Hwange Colliery mine in Zimbabwe.

Hwange¬†Colliery Firm Restricted is negotiating with Chinese firm, Taiyuan Sanchin Financial and Change Firm to terminate the parties’ construct, own, operate and switch (BOOT) settlement for Hwange Coal Gasification Firm.

The coal mining large decided towards its prior plan to assemble A Brand New coke oven plant (battery) within the short -term, and wants to refurbish the outdated one. A Brand New coke oven battery could be constructed at some point, HCCL mentioned.

HCCL had entered right into a BOOT agreement with TSEC, to construct a coke oven battery with capability to supply 300 000 tonnes once a year, however as an alternative the Chinese put in a battery of 1/2 the agreed capability.

The Relationship between the 2 parties has at all times been strained with HCCL earlier accusing TSEC of failing to meet some contractual responsibilities and in addition externalising foreign currency echange working into hundreds of thousands of bucks.

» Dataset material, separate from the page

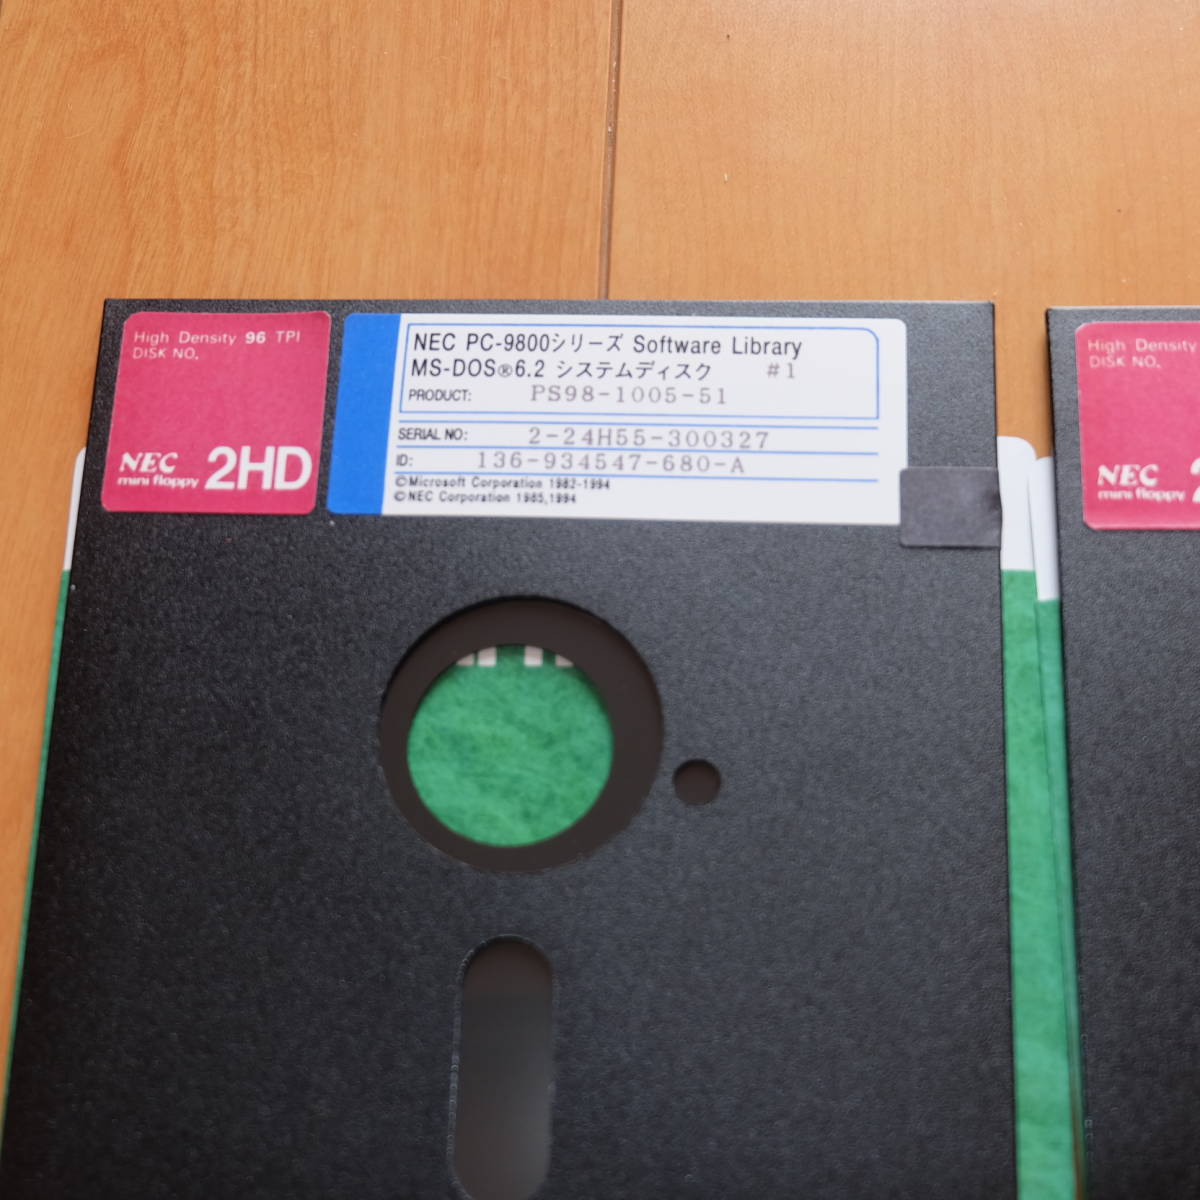 み 2HD 5インチディスク NEC PC-9800シリーズ MS-DOS6.2 システムディスク 全8枚 PS98-1004-51 OS

Chief govt Thomas Makore informed The Herald Industry that HCCL is negotiating with TSEC to terminate the ten-year BOOT agreement in advance in order that HCCL does no longer have to purchase A Brand New battery within the brief-time period.

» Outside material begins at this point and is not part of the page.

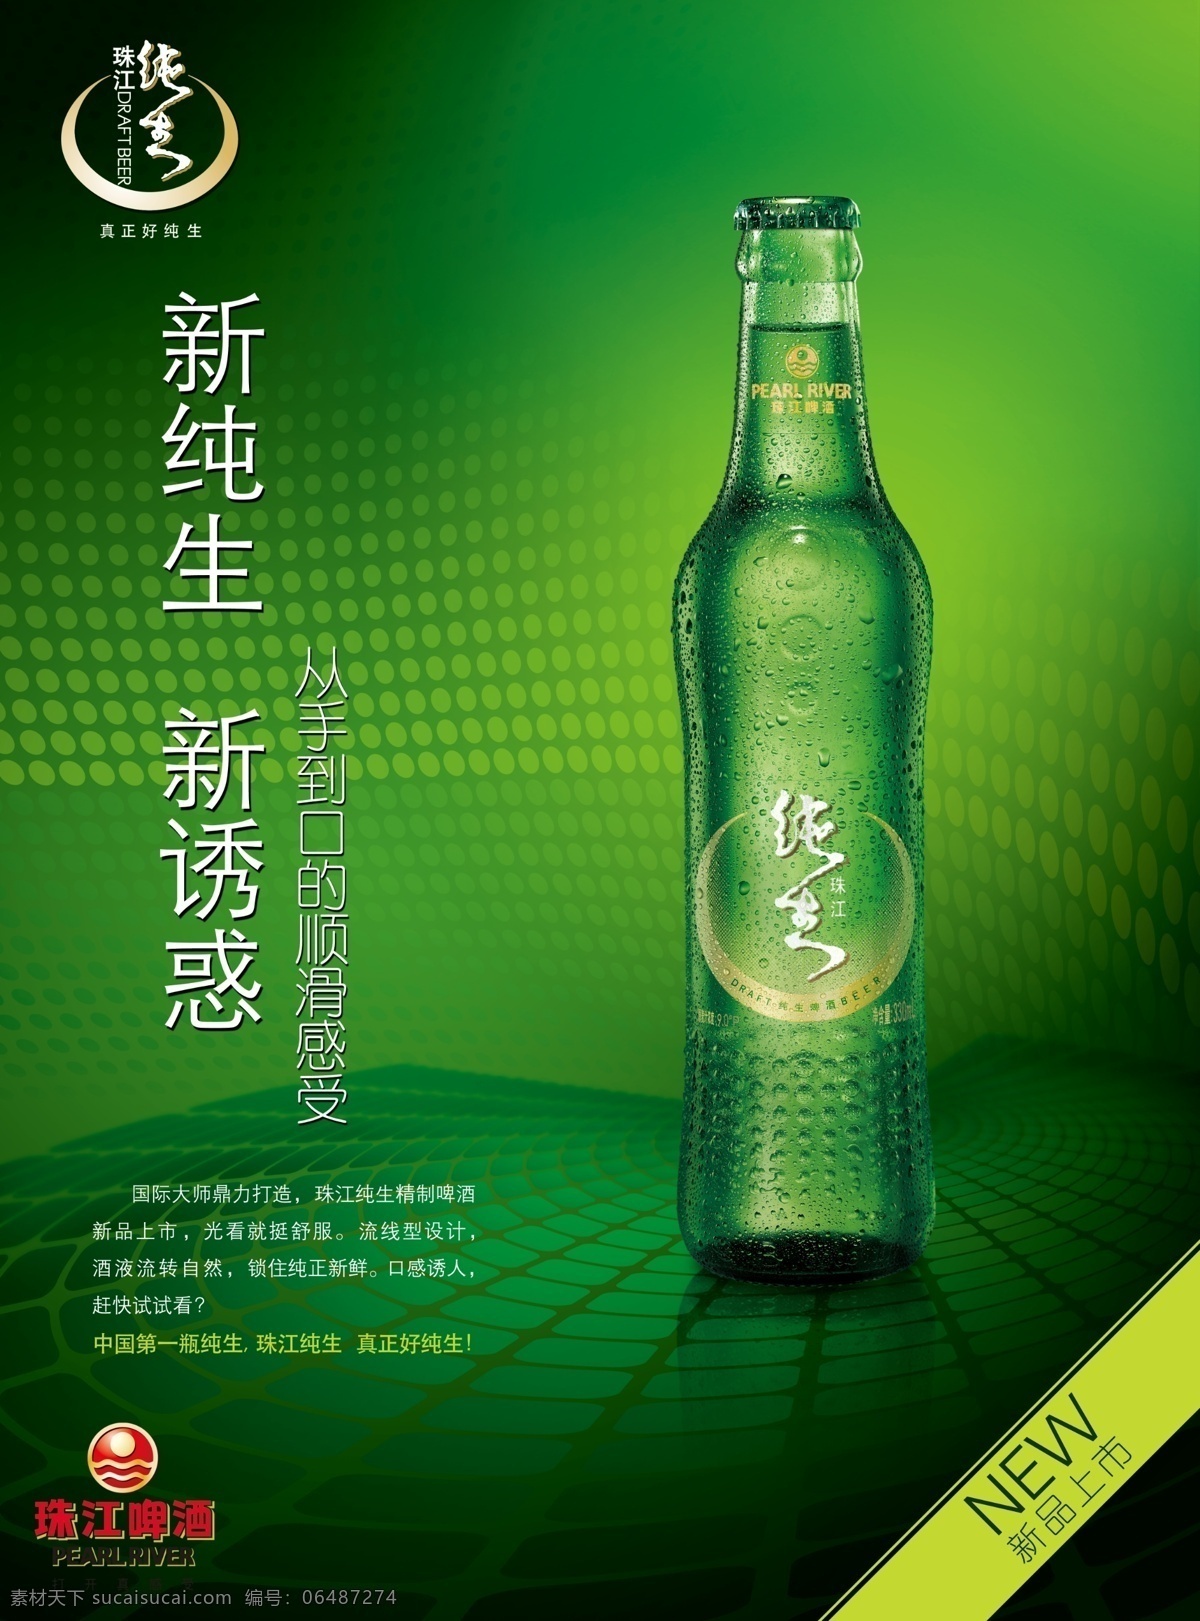 纯生啤酒 广告设计模板 啤酒 啤酒瓶 新品上市 源文件 珠江啤酒 珠江啤酒广告 新纯生 新诱惑 其他海报设计

“We’re following a phased approach when it comes to coke oven battery capability. We’re a 25 p.c shareholder in Hwange Coal Gasification. That BOOT settlement had a tenure of 10 years, so We Are negotiating to terminate it early so that we takeover that battery in an instant,” Mr Makore mentioned.

HCCL is experiencing critical Production challenges after acquiring faulty gear from Bharat Earth Transferring Restricted (BHEL) of India, which has viewed output falling 30-Forty percent behind the 350 000 tonne target by September.

HCCL said coal output declined to 1,Fifty Five million tonnes within the yr to December 2015 from 1,88 million tonnes over the identical length the prior 12 months, 2014.

Production challenges come at a time when demand for coal will not be growing given viability problems going through its main purchaser ZPC, most industrial customers and the decline in utilization by tobacco farmers.

Mr Makore stated that whereas toll Production of coke is an possibility, the company had now not started pursuing this different choice and so will not be producing coke, at the least within the close to foreseeable future.

HCCL’s loss widened to $115 million within the year to December 2015, from $38 million within the comparative period after the corporate acknowledged a liability to Zimbabwe Earnings Authority, which was once accumulated over six years.